If you type "ai dû" or "j'ai dû" on the French Wiktionary by filtering to keep only Appendix pages (https://fr.wiktionary.org/w/index.php?title=Sp%C3%A9cial:Recherche&profile=advanced&profile=advanced&fulltext=Search&search=ai+d%C3%BB&searchengineselect=mediawiki&ns100=1&searchToken=12uikwjsbh1rky0xeaqyc0mc9), the search engine should propose
"Annexe:Conjugaison en français/devoir". However, this result does not appears. It is only proposed when one types "j’ai dû" (with the typographic apostrophe). Could you improve results returned by the search engine when part of a word is typed ("ai dû") and could you take into account the fact that "'" (U+0027) and "’" (U+2019) should be consider as the same character?
Description
Status | Subtype | Assigned | Task | ||
---|---|---|---|---|---|
Resolved | dcausse | T151173 Search engine does not find "ai dû" on the French Wiktionary. | |||
Resolved | EBernhardson | T139585 Reindex all wikis with the new BM25 settings | |||
Resolved | dcausse | T152092 Activate BM25 on all but wikis with spaceless languages |
Event Timeline
PS: the community would accept a collation modification to solve this kind of problem.

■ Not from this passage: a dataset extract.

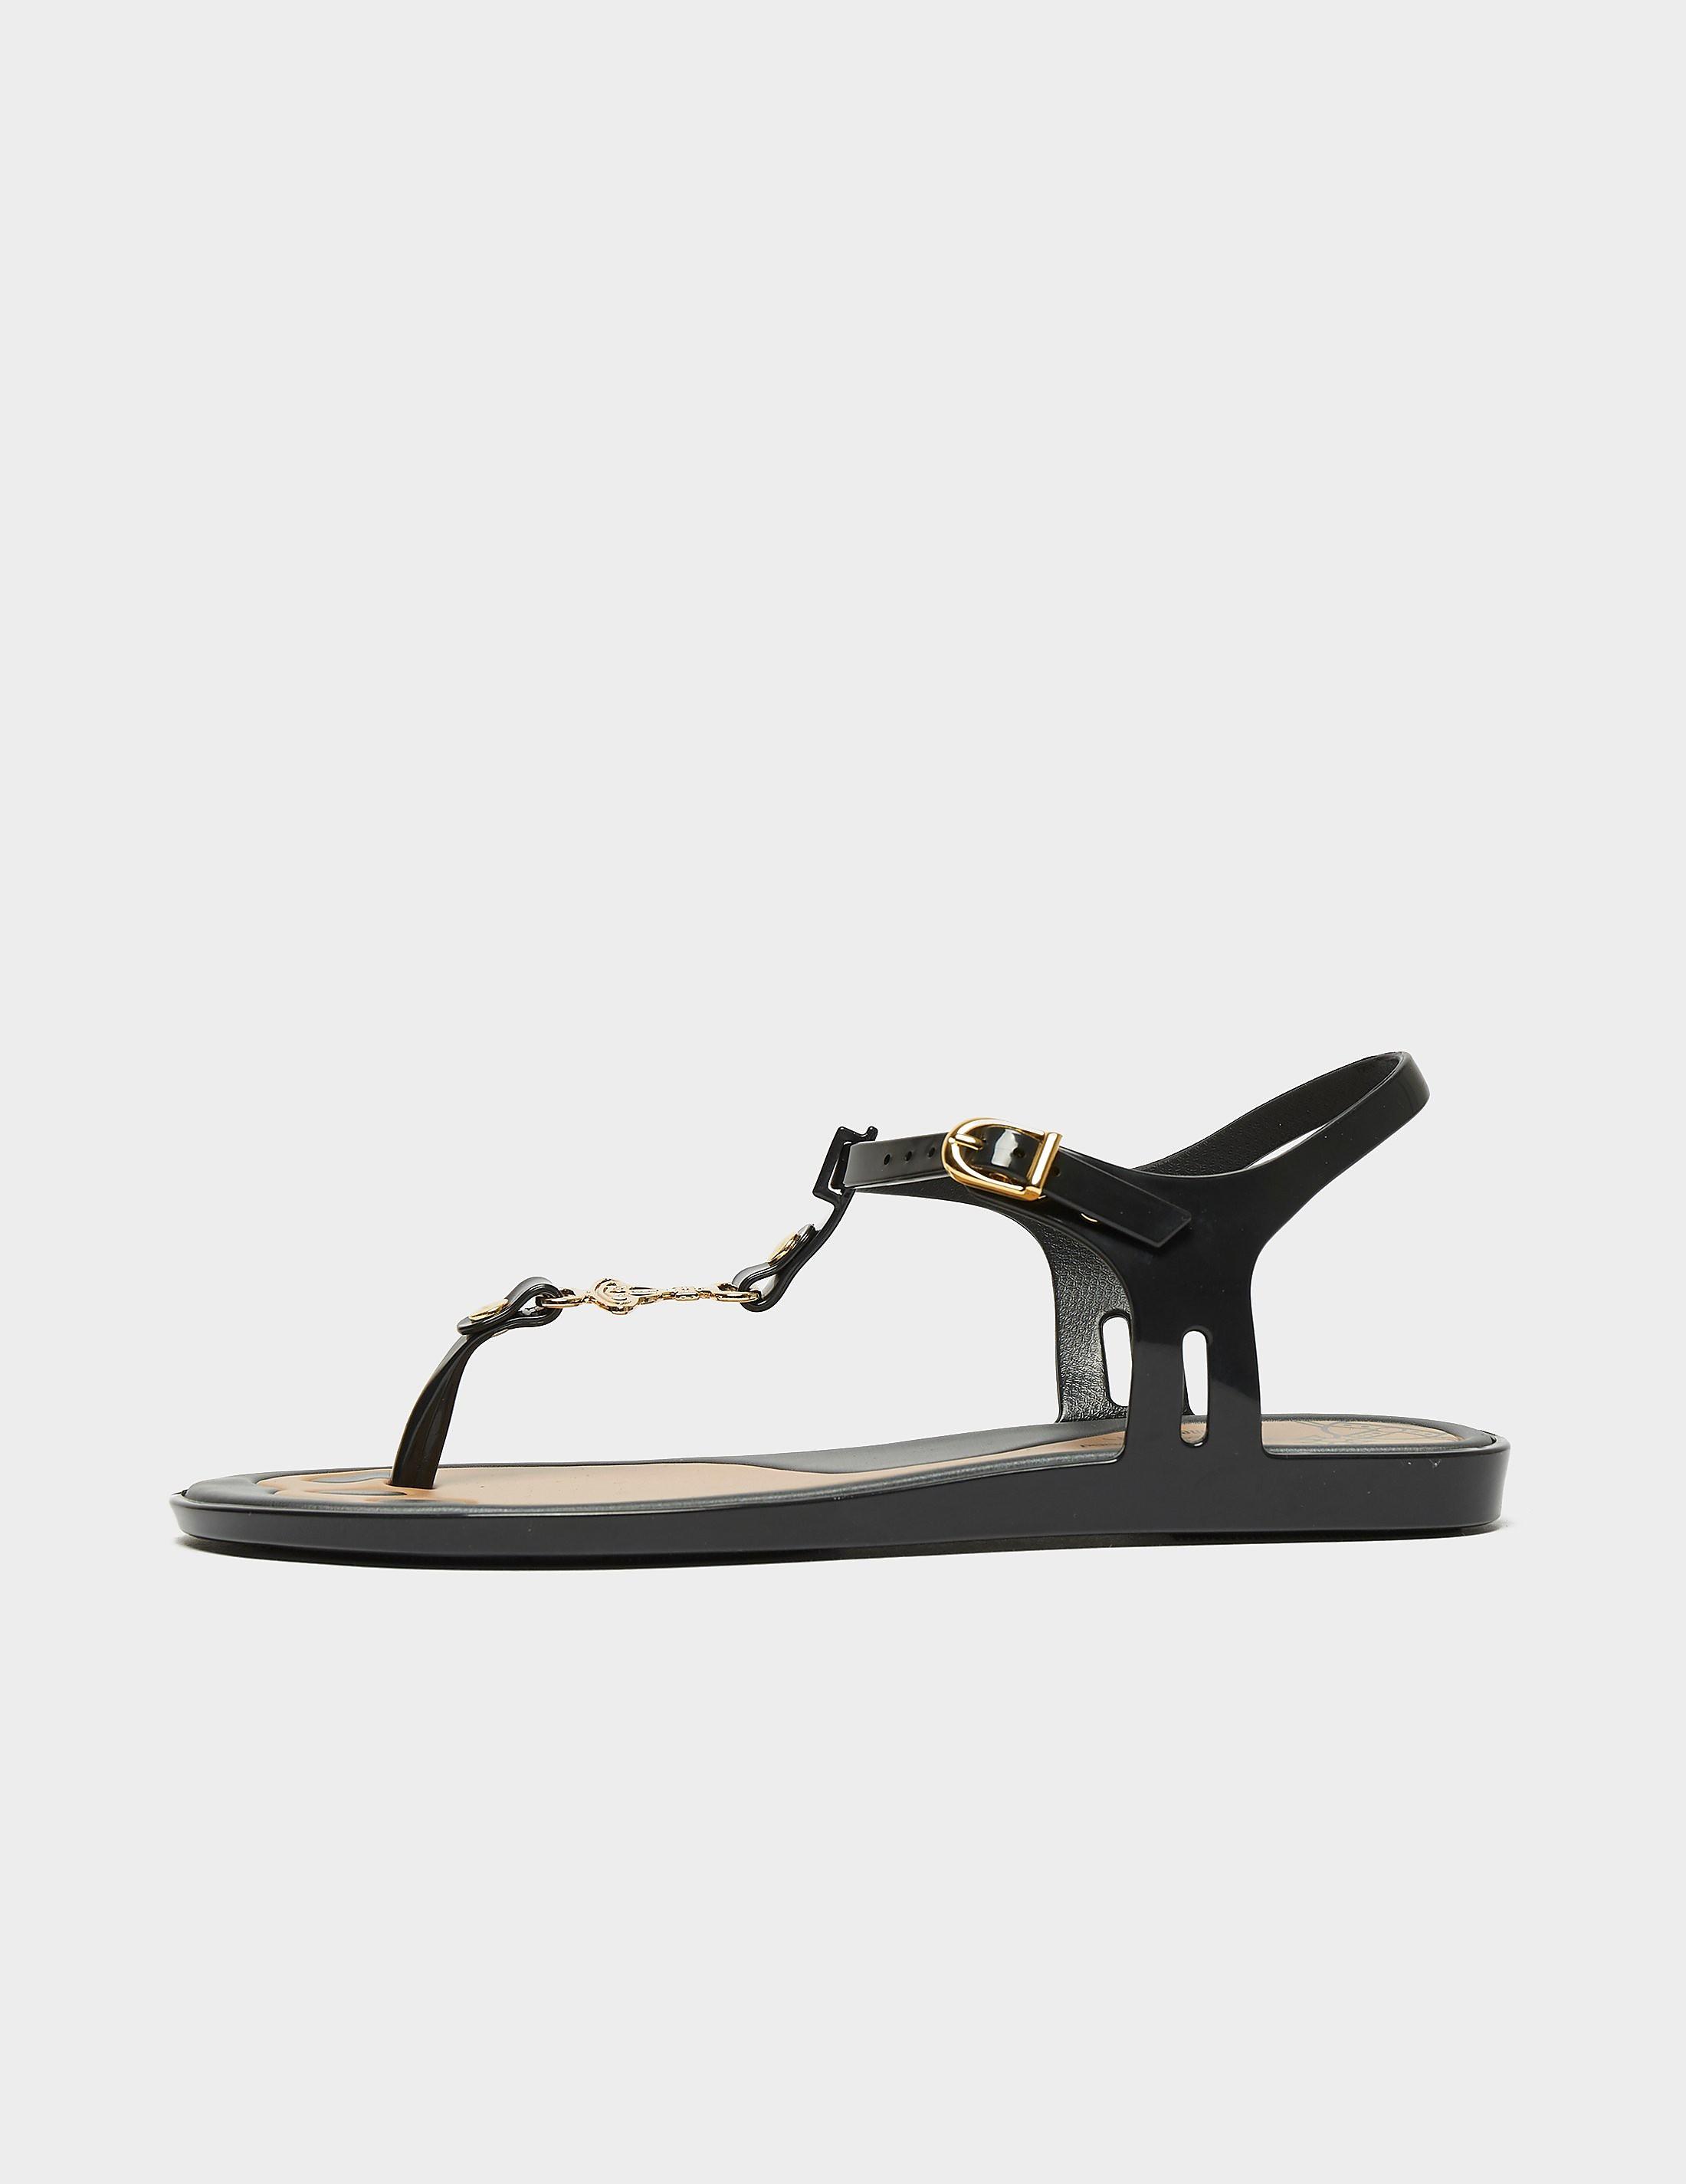 Melissa X Vivienne Westwood Orb Sandal

I had a look at how we handle french elisions and apostrophes for french.
I think we already support the je ai => j'ai elision and folding of U+2019 into U+0027. Unfortunately it's not easily accessible.

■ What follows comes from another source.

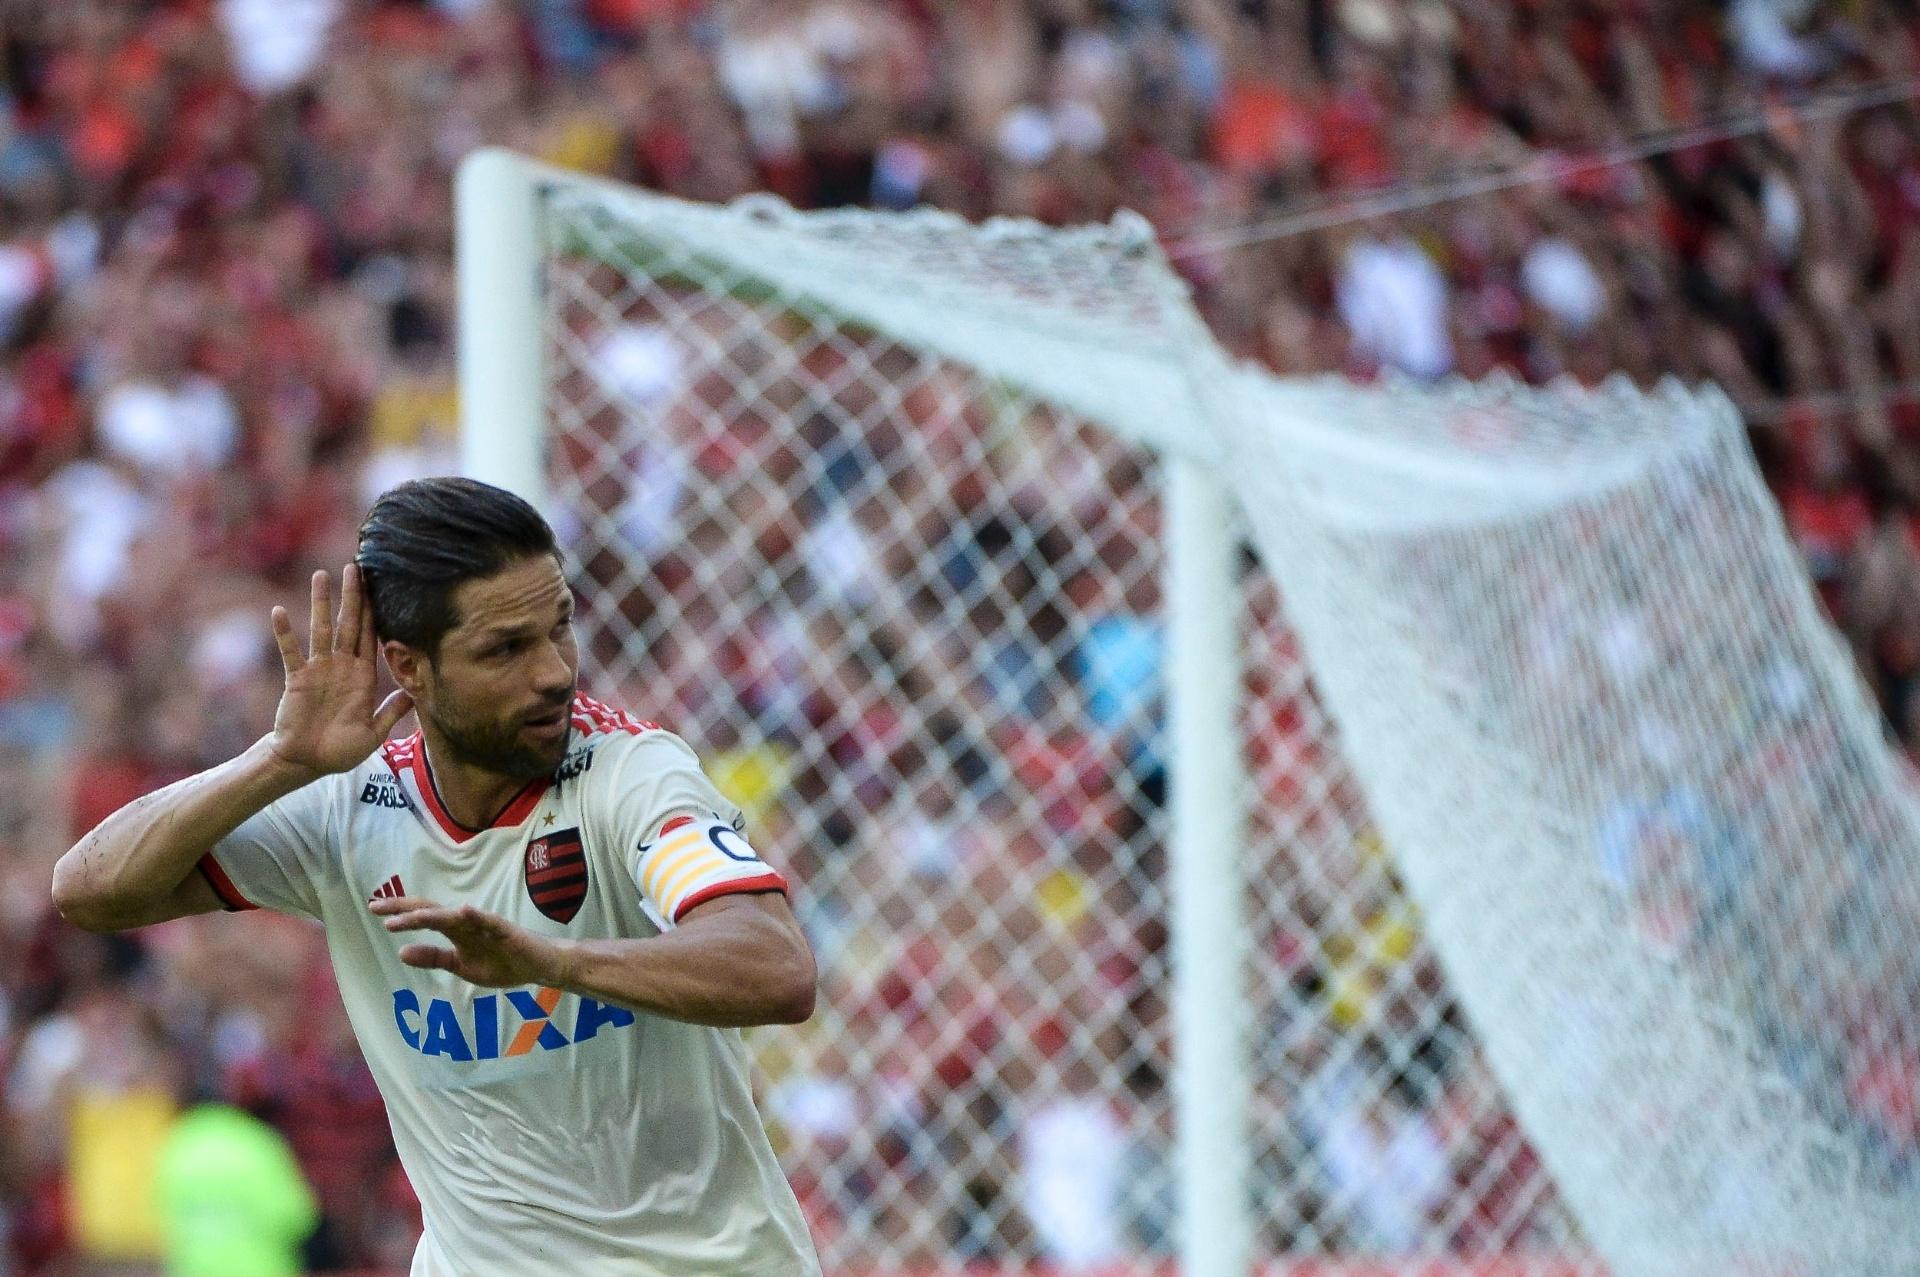 Fla vence Bahia com gols de Diego e Paquetá e se isola na liderança -  31 05 2018 - UOL Esporte 441a06a281974

To clarify, using double quotes in the search query force the search engine to use a field where no stemming and few language analysis are done.
- "ai dû" is unlikely to work well because french elisions are not in place on this field.
But you can tell the search engine to use the field that has all the language specific analysis enabled by adding a ~ after the last double quote (not to be confused with fuzzy matching)
- "ai dû"~ will probably find all instances of j'ai dû (ASCII apostrophe), j’ai dû (U+2019), ai dû (no elision, j'ai fait [...] et ai dû)
@Pamputt could you confirm that the behavior of the query "ai dû"~ is closer to what you expect?
Sorry I just realized that the link you pasted to your search query does not include quotes, the search query is ai dû. This query returns only 7 results and it's completely wrong.
This issue is not trivial to explain but it's due to some internal components we use and should be fixed when we rollout BM25 and its new query builder to all wikis.
@Pamputt (just to be sure), can you confirm that the results displayed here:
are more like what you expect (Annexe:Conjugaison en français/devoir is the first result)?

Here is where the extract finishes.